PROBLEM:
Please print the data that follows, keeping every line exact.

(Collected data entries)
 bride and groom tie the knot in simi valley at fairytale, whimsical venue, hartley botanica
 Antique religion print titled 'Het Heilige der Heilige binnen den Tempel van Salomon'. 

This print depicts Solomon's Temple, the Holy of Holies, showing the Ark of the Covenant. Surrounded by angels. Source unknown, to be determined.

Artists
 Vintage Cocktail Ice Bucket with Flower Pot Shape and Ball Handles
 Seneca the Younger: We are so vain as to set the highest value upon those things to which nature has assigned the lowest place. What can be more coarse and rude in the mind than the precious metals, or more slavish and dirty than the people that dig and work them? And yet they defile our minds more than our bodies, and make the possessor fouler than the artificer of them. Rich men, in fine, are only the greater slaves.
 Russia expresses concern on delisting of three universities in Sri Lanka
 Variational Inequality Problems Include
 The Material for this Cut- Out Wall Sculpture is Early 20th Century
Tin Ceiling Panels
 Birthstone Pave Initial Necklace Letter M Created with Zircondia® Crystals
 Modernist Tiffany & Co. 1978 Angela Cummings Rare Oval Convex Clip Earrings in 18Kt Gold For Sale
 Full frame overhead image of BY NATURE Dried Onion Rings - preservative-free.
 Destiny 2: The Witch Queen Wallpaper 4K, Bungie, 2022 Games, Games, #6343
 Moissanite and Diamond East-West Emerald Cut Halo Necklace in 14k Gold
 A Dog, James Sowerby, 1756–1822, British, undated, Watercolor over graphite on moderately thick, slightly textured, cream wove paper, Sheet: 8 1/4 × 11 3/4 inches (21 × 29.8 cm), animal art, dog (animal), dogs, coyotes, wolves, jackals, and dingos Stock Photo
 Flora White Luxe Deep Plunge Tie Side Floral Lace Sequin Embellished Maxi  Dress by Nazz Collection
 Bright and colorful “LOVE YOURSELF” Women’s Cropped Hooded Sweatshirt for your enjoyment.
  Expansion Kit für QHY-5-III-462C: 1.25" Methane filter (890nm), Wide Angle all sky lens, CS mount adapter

SOLUTION TO THIS TASK:
 bride and groom tie the knot in simi valley at fairytale, whimsical venue, hartley botanica
 Antique religion print titled 'Het Heilige der Heilige binnen den Tempel van Salomon'. 

This print depicts Solomon's Temple, the Holy of Holies, showing the Ark of the Covenant. Surrounded by angels. Source unknown, to be determined.

Artists
 Vintage Cocktail Ice Bucket with Flower Pot Shape and Ball Handles
 Seneca the Younger: We are so vain as to set the highest value upon those things to which nature has assigned the lowest place. What can be more coarse and rude in the mind than the precious metals, or more slavish and dirty than the people that dig and work them? And yet they defile our minds more than our bodies, and make the possessor fouler than the artificer of them. Rich men, in fine, are only the greater slaves.
 Russia expresses concern on delisting of three universities in Sri Lanka
 Variational Inequality Problems Include
 The Material for this Cut- Out Wall Sculpture is Early 20th Century
Tin Ceiling Panels
 Birthstone Pave Initial Necklace Letter M Created with Zircondia® Crystals
 Modernist Tiffany & Co. 1978 Angela Cummings Rare Oval Convex Clip Earrings in 18Kt Gold For Sale
 Full frame overhead image of BY NATURE Dried Onion Rings - preservative-free.
 Destiny 2: The Witch Queen Wallpaper 4K, Bungie, 2022 Games, Games, #6343
 Moissanite and Diamond East-West Emerald Cut Halo Necklace in 14k Gold
 A Dog, James Sowerby, 1756–1822, British, undated, Watercolor over graphite on moderately thick, slightly textured, cream wove paper, Sheet: 8 1/4 × 11 3/4 inches (21 × 29.8 cm), animal art, dog (animal), dogs, coyotes, wolves, jackals, and dingos Stock Photo
 Flora White Luxe Deep Plunge Tie Side Floral Lace Sequin Embellished Maxi  Dress by Nazz Collection
 Bright and colorful “LOVE YOURSELF” Women’s Cropped Hooded Sweatshirt for your enjoyment.
  Expansion Kit für QHY-5-III-462C: 1.25" Methane filter (890nm), Wide Angle all sky lens, CS mount adapter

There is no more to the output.